The dollar rose to a 10-month high versus the yen as a report showed U.S. job growth during the past six months was the strongest since 2006, dimming prospects for further Federal Reserve monetary stimulus.
The 17-nation euro remained lower as Greece’s use of collective action clauses forcing investors to take losses under the nation’s debt restructuring will trigger payouts on $3 billion of default insurance. Canada’s dollar and Mexico’s peso erased losses against the greenback amid a brighter outlook for consumer spending in their biggest trading partner. Norway’s krone tumbled as the government and central bank stepped up verbal intervention to contain the currency’s strength.
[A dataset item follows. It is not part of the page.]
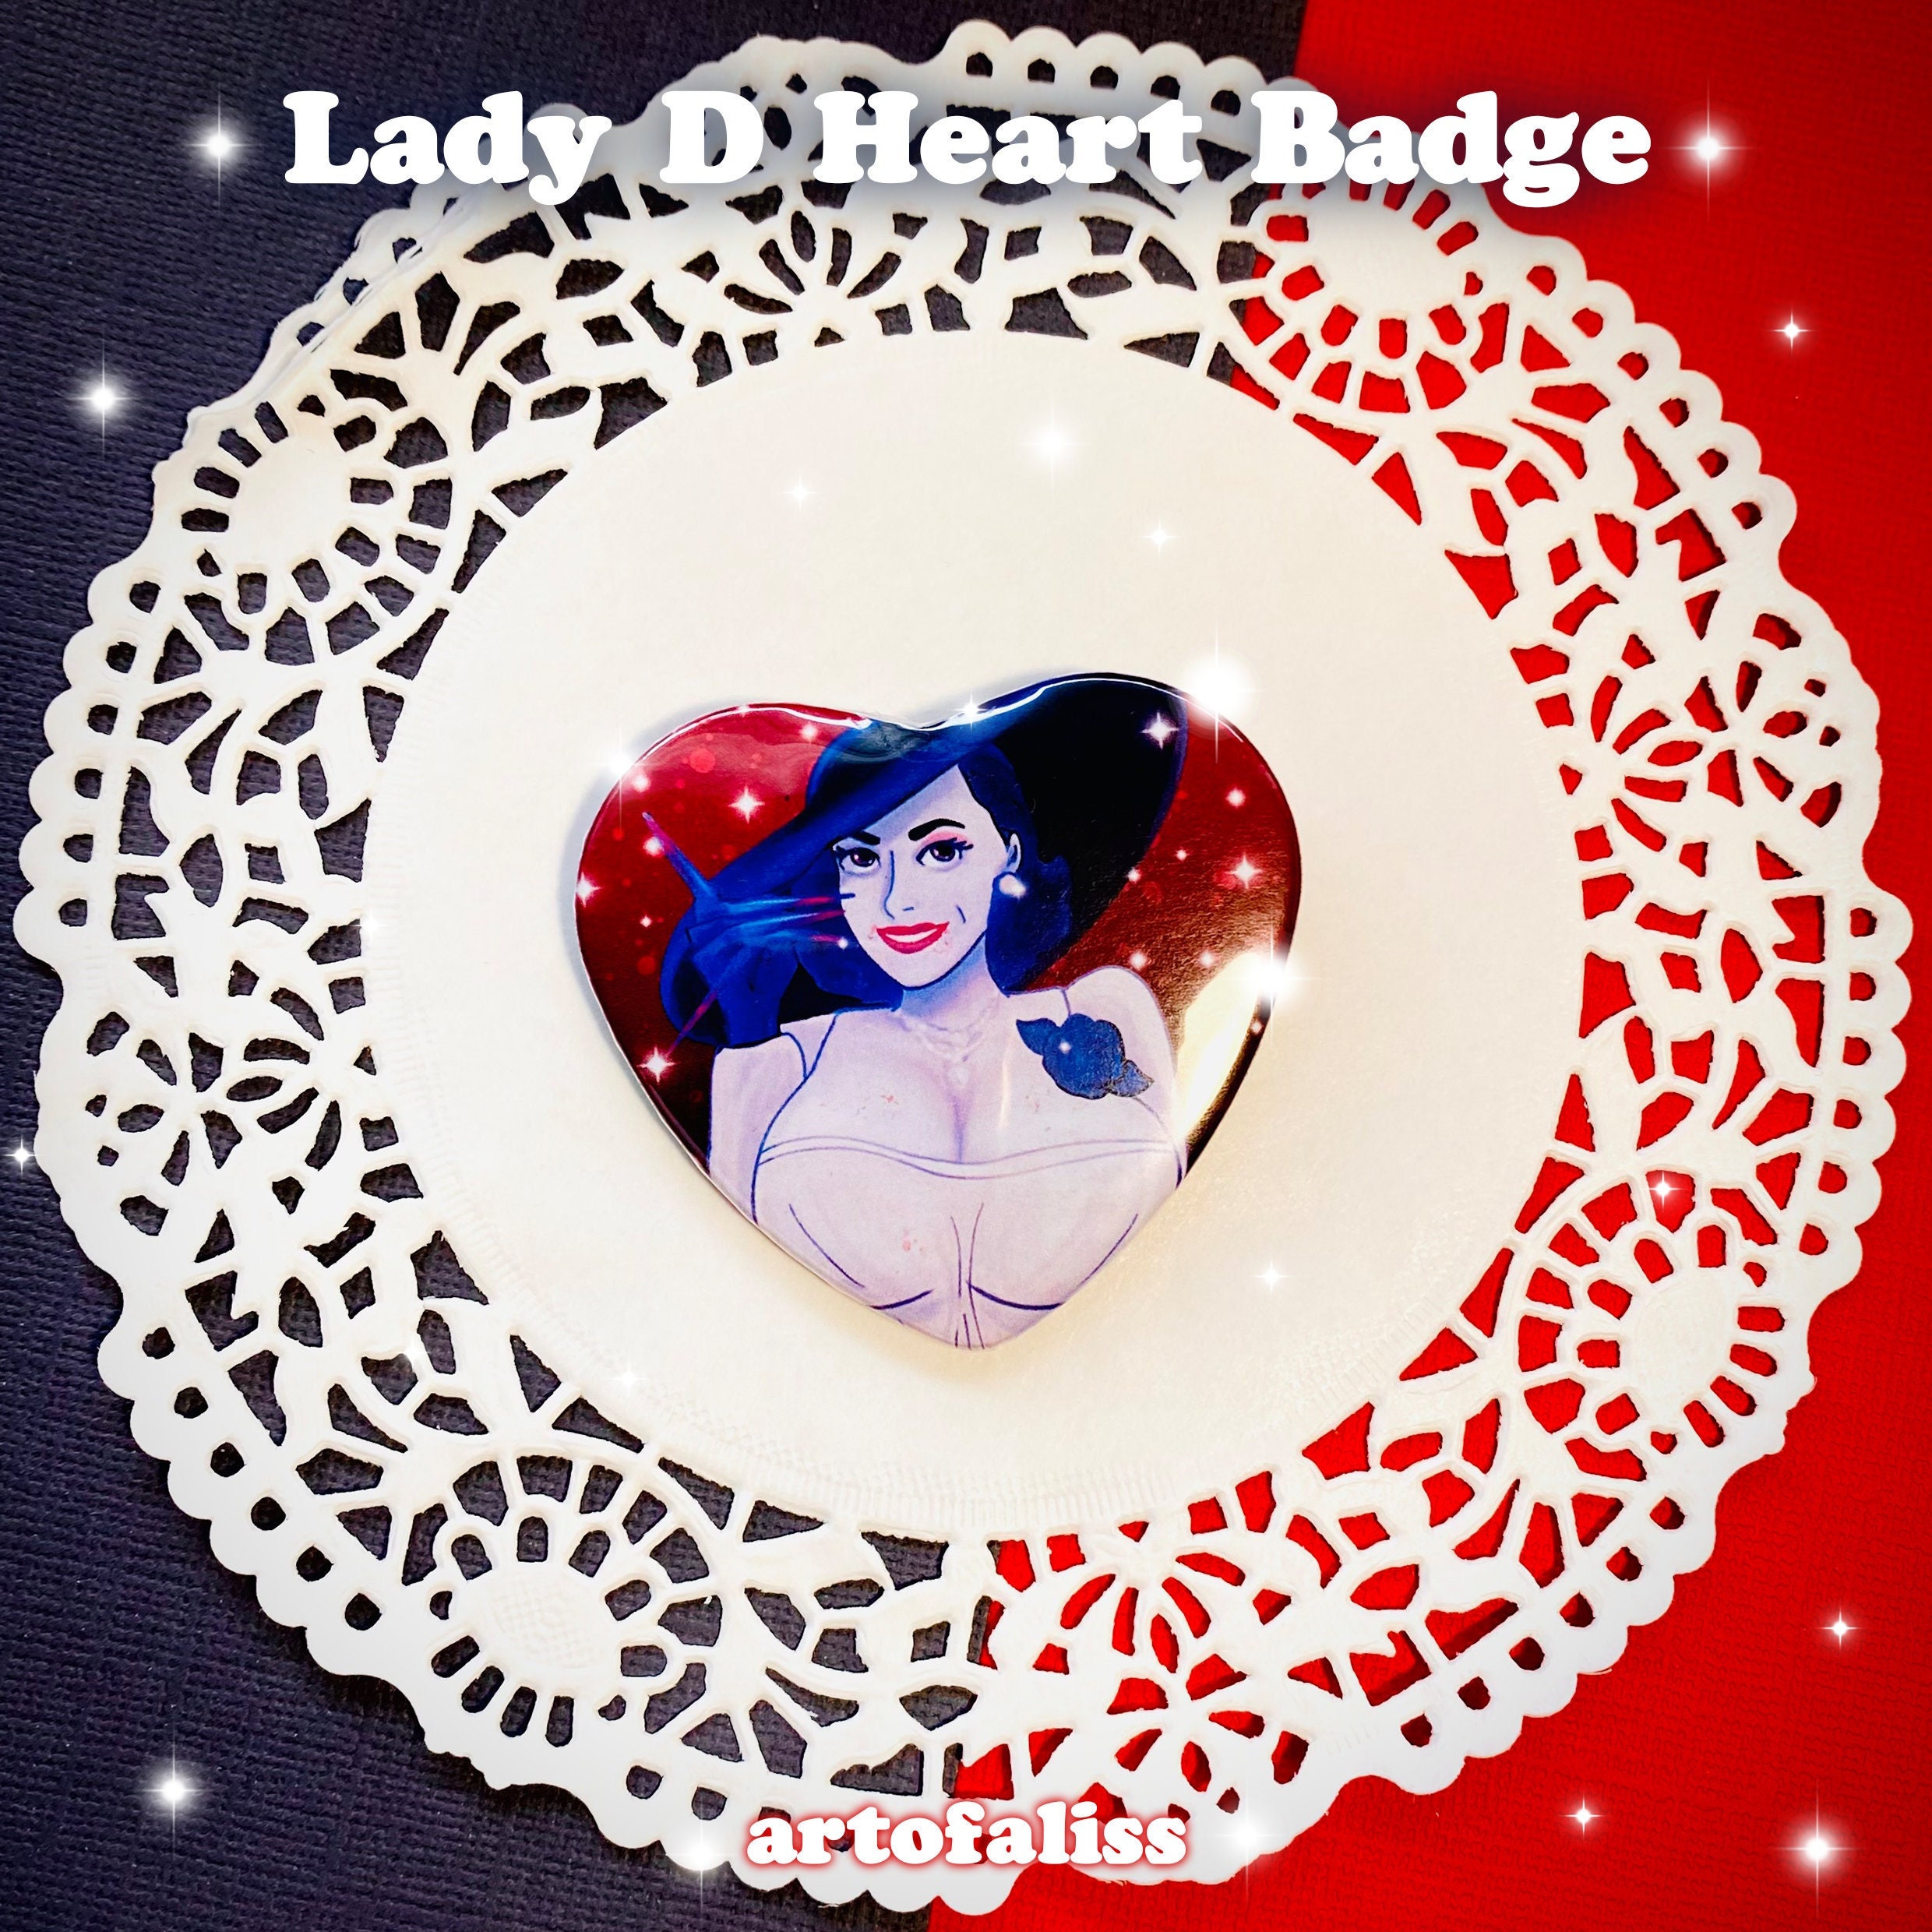 Lady Dimitrescu Heart Badge

“The Fed is probably looking at the labor data today and seeing how strong it is and thinking that even if they do support the economy with more stimulus, it might not be in the same fashion as it has done before,” said Brian Kim, a currency strategist in Stamford, Connecticut, at Royal Bank of Scotland Group Plc. “Better U.S. data is helping the dollar against the euro, sterling and yen.”
The dollar added 1.1 percent to 82.46 yen at 5 p.m. in New York, it earlier touched 82.65, the strongest since April. The greenback rose 1.1 percent against the euro to $1.3123.
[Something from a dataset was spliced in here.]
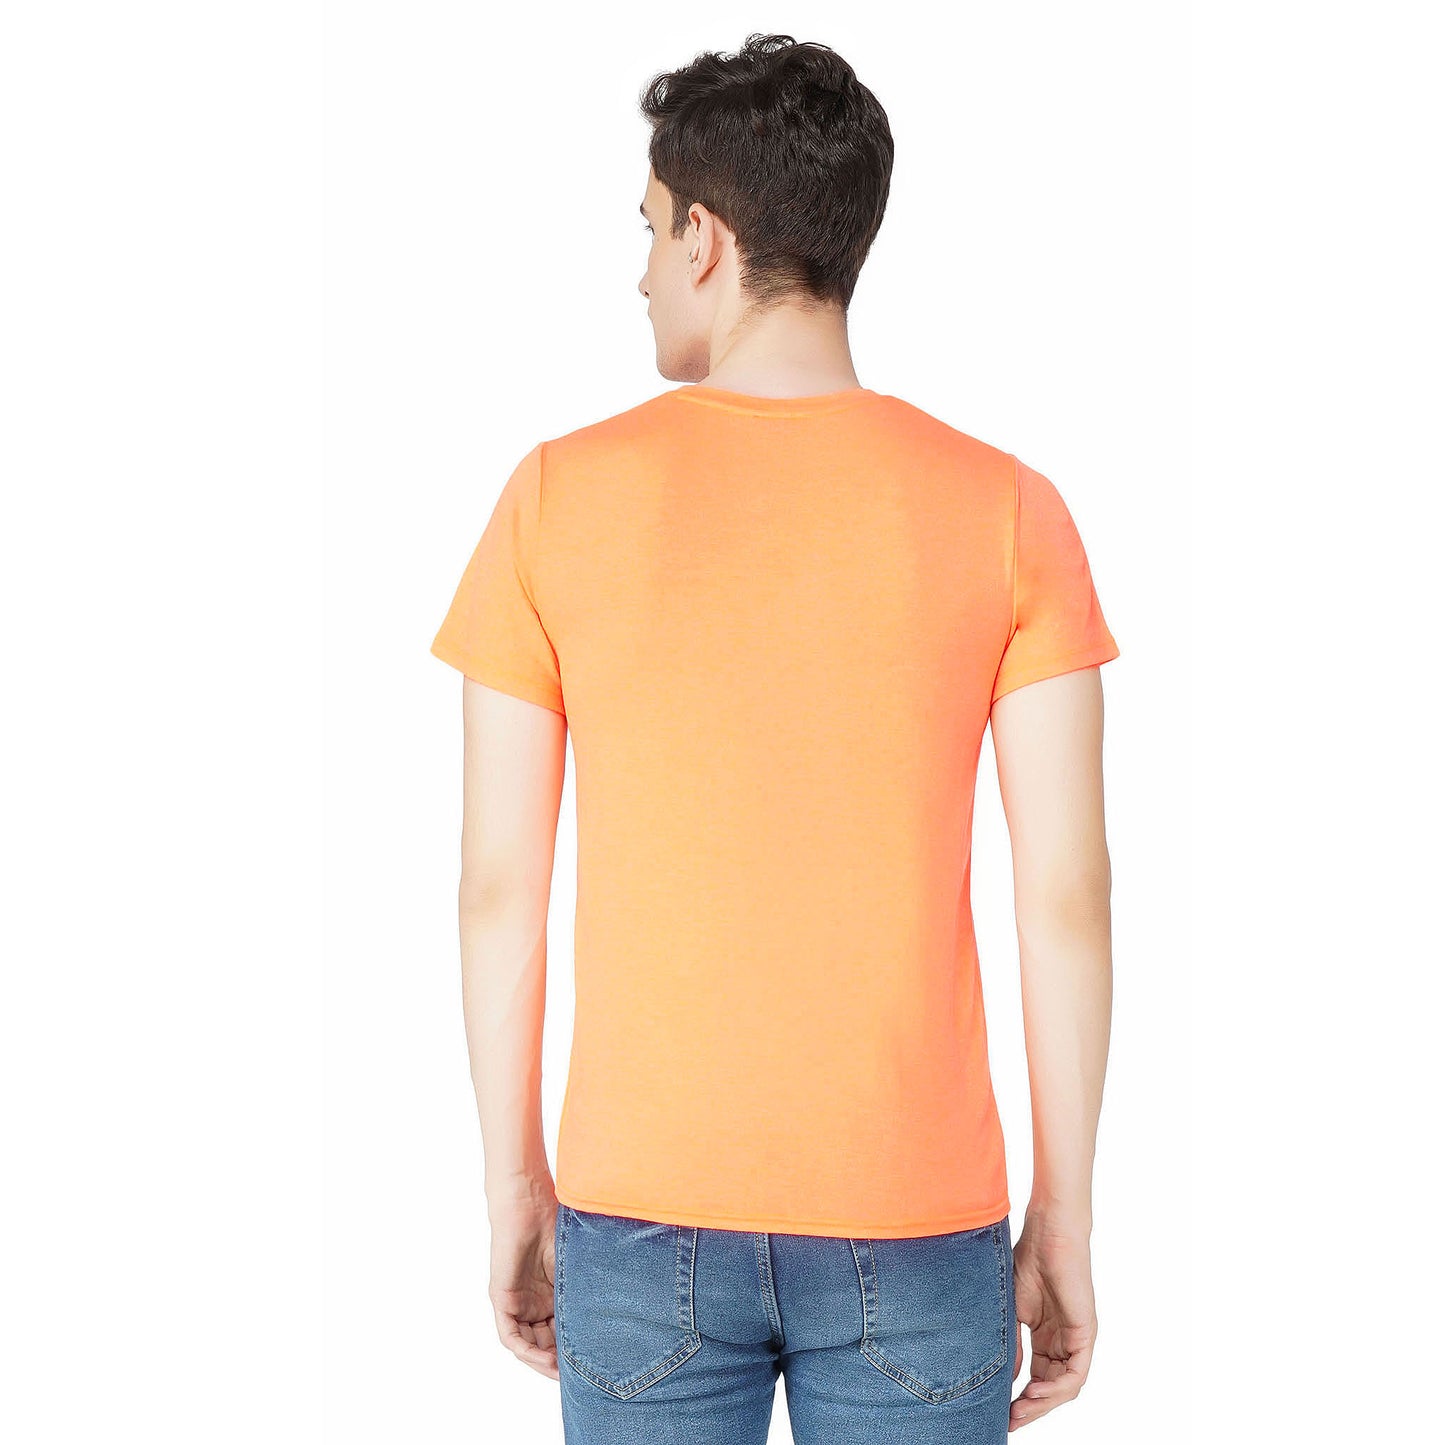 SLAY. Sport Men's Printed Neon Orange T-shirt-clothing-to-slay.myshopify.com-T-Shirt

Cumulative outflows from the euro in the past five days are one and a half times as strong compared with the average during the past year, according to Bank of New York Mellon iFlow data. Inflows into U.S. debt today are twice as strong as average.
Treasuries fell for a third day, adding to the premium investors get investing in U.S. debt versus relative Japanese securities. The two-year yield spread was 20 basis points, or 0.2 percentage point.
The yen has declined 6.9 percent in the past three months, the worst performer among the 10 developed-market currencies tracked by Bloomberg Correlation-Weighted Indexes. The dollar fell 0.5 percent, and euro slid 2.7 percent.
Higher-yielding currencies rose against the euro and yen as implied volatility of three-month options for nine currency pairs within Group-of-10 nations was 10.2 percent, according to the Deutsche Bank CVIX Index. That compares with an average of 12.4 percent during the past six months.
“It looks like euro and yen are now the favorite funding currencies and are consequently under the hammer,” said Sebastien Galy, a senior foreign-exchange strategist at Societe Generale SA in New York. “Euro-yen is flat for now as there is no clarity in the choice between yen and euro at this point.”
Borrowing yen at almost zero percent to invest in Australia’s dollar, Mexico’s peso, Brazil’s real and South Korea’s won returned 0.6 percent today, according to data compiled by Bloomberg. The trade using euros would also result in a 0.6 percent gain compared with a 0.5 percent loss using dollars.
U.S. Trading Partners
The Dollar Index (DXY), which Intercontinental Exchange Inc. uses to track the greenback against the currencies of six major U.S. trading partners, advanced 1 percent to 79.959.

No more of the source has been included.